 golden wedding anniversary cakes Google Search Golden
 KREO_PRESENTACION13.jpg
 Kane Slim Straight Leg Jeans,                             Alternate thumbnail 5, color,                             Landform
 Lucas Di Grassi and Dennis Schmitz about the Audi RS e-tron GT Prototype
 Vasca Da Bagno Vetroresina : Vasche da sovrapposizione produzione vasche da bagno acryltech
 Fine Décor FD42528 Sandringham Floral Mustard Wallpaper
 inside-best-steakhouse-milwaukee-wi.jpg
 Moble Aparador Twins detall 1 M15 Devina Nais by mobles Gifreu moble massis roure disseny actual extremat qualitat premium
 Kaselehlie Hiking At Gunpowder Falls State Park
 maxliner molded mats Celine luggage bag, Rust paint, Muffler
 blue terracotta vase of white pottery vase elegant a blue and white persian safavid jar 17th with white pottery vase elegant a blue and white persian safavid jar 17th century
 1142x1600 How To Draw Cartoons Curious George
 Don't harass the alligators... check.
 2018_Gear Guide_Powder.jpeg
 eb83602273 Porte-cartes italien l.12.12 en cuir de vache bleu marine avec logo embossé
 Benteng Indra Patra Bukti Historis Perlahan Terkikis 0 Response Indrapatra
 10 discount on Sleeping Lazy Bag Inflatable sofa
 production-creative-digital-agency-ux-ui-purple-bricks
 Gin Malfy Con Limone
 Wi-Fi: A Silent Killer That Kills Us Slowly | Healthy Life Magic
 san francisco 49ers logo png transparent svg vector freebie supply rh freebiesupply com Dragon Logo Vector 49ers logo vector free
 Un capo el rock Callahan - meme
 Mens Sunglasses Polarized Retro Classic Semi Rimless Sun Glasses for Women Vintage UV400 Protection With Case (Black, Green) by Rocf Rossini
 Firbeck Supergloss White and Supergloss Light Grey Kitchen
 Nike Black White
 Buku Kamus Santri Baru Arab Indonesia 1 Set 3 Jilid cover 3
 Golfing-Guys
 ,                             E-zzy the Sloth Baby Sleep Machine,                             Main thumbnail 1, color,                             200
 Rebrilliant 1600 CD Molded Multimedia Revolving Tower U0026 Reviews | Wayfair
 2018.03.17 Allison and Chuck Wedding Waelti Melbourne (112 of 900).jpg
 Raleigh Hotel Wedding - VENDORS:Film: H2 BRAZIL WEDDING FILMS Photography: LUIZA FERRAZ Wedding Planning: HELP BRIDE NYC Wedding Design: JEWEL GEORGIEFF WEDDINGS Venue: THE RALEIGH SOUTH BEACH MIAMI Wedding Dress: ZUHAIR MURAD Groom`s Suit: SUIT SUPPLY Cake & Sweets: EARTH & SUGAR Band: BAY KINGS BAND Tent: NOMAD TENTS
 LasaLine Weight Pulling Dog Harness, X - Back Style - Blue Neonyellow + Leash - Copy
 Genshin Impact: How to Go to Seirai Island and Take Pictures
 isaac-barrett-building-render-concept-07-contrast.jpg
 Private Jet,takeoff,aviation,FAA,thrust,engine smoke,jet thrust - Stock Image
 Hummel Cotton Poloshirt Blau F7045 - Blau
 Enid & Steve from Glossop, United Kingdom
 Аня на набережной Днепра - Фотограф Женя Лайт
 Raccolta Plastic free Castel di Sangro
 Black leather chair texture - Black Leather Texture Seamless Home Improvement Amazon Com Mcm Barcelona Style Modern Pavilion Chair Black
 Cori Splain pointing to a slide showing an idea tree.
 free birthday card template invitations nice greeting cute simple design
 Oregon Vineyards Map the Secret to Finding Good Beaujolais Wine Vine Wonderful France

■ **WORK INSTRUCTION**: Within the listing above, give again exactly every line from the line with "maxliner molded mats" through the line with "eb83602273 Porte-cartes italien", both included, and no other line.

■ **REPLY TO THE TASK**:
 maxliner molded mats Celine luggage bag, Rust paint, Muffler
 blue terracotta vase of white pottery vase elegant a blue and white persian safavid jar 17th with white pottery vase elegant a blue and white persian safavid jar 17th century
 1142x1600 How To Draw Cartoons Curious George
 Don't harass the alligators... check.
 2018_Gear Guide_Powder.jpeg
 eb83602273 Porte-cartes italien l.12.12 en cuir de vache bleu marine avec logo embossé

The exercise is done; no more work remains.